I was trying to write about the cultural reasons surrounding breastfeeding difficulties, so that the 1 in 50 figure (which I think is things like breast reduction surgery, medical conditions that stop a woman lactating, that kind of thing) is actually much, much higher.

For example, our culture (here in the UK) tells women not to share a bed with their babies, that this is somehow wrong or immoral. Not bedsharing makes night feeding a bit more of a hassle, so that some women try and night-wean their babies earlier than the baby is ready. Often this causes problems with the breastfeeding relationship and sometimes the woman even stops breastfeeding as a result of these problems. However, I wasn’t saying was that putting your baby in a cot is wrong, or that if you can’t breastfeed it’s your own fault for not bedsharing, or anything else along these lines!!

Another example was that our culture tells us that babies have dummies when they cry.  This causes problems; sometimes the baby gets confused with how to suck, doesn’t remove milk efficiently from the breast as a result and breastfeeding is compromised; sometimes the breasts aren’t stimulated enough as the baby sucks on the dummy for comfort instead of the breast and the woman’s milk supply isn’t as great as it could be and so on. However again I wasn’t saying that dummies are just wrong, or that if you can’t breastfeed it’s your own fault for using a dummy!

I just wanted to clear that up as I really do not want to come across as a judgemental person; if anything I was trying to show with that post the very fact that I don’t think we should be judgemental of women who are unable to breastfeed, whatever the reasons.

Until the information that is given to breastfeeding women by health care professionals and others is all correct, accurate and free of myths and cultural assumptions, until all mothers who want to breastfeed have access to accurate information and that information is readily available (no matter what her level of education, reading ability etc.), until breastfeeding is seen as a normal activity, until breasts are no longer seen solely as sex objects, until the stigma surrounding breastfeeding (especially in public, and with older babies, toddlers and children) has disappeared completely, until the formula companies have stopped shoving their erroneous information down our throats, until we stop forcing women back into paid work when they are breastfeeding, until women who do want to do paid work while breastfeeding are allowed to express milk or have their babies with them without any hassle and without having to fight for it, until practices (like Attachment Parenting, bedsharing, babywearing etc.) which help the breastfeeding relationship become the cultural norm, until it is considered a woman’s indelible right to breastfeed her infant should she wish, until all this happens I will not judge a woman for her infant feeding decision.

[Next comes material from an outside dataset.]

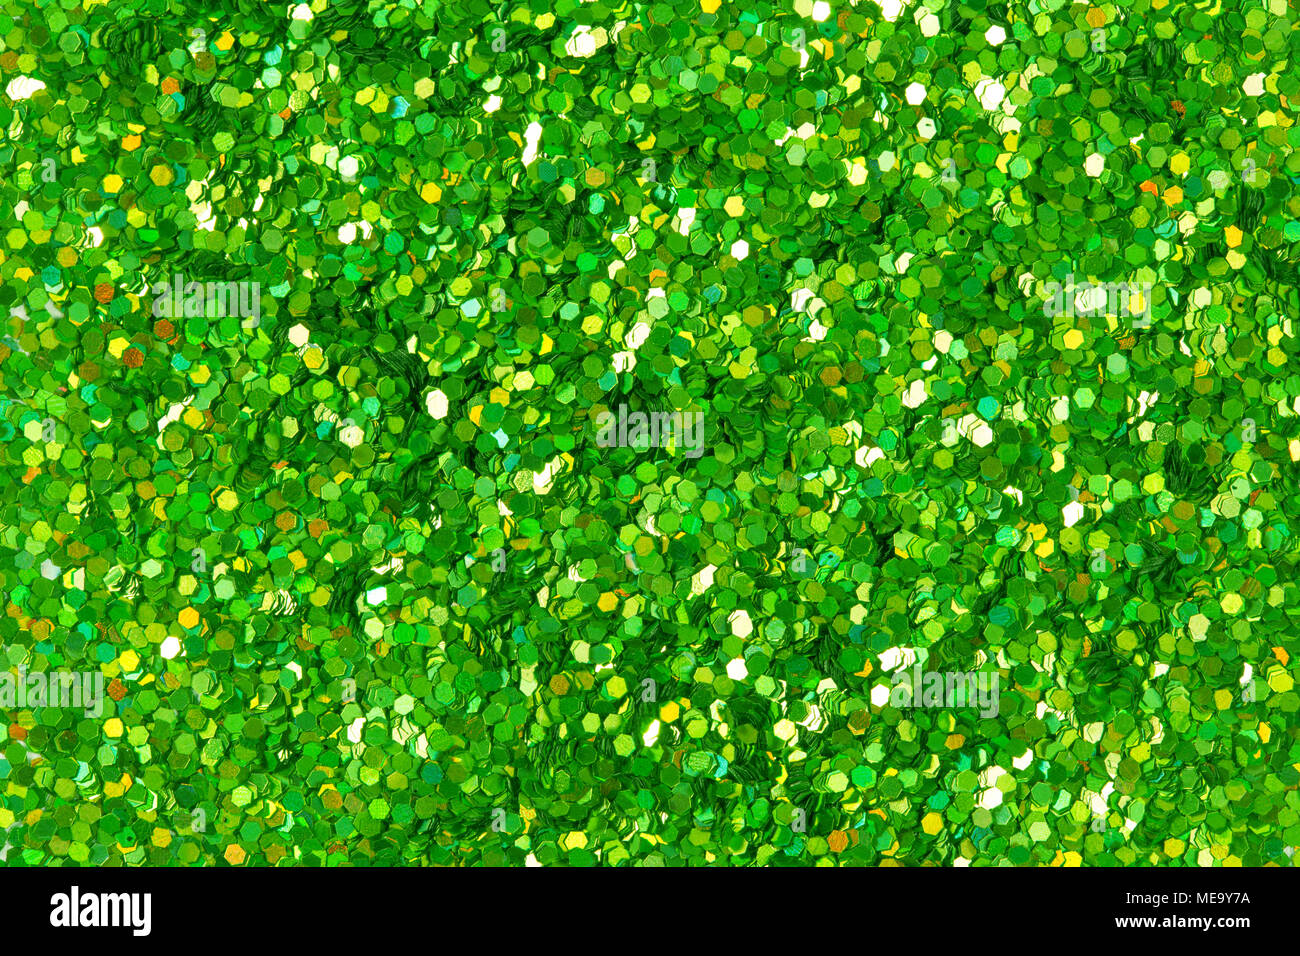 Green glitter texture. Stock Photo

(And even if it does happen, I still won’t judge.)

Sorry I’ve been a while…

December 23, 2007 by theperfectlatch

I’ve been really busy with real life intruding; grr!

The money situation isn’t great and my hand’s been forced somewhat into seeking some paid work so I’ve been up to my eyeballs with application forms and interviews. I’ve taken the step of telling prospective employers I want to express in work, but so far haven’t been offered any jobs, so maybe it’s time to be a bit more sneaky? (As an ex Recruitment Consultant, I would have advised the candidates to do the latter but as a good, honest newmum, I did think I’d try the other route first.)

So I’m going to try and get a few posts out tonight!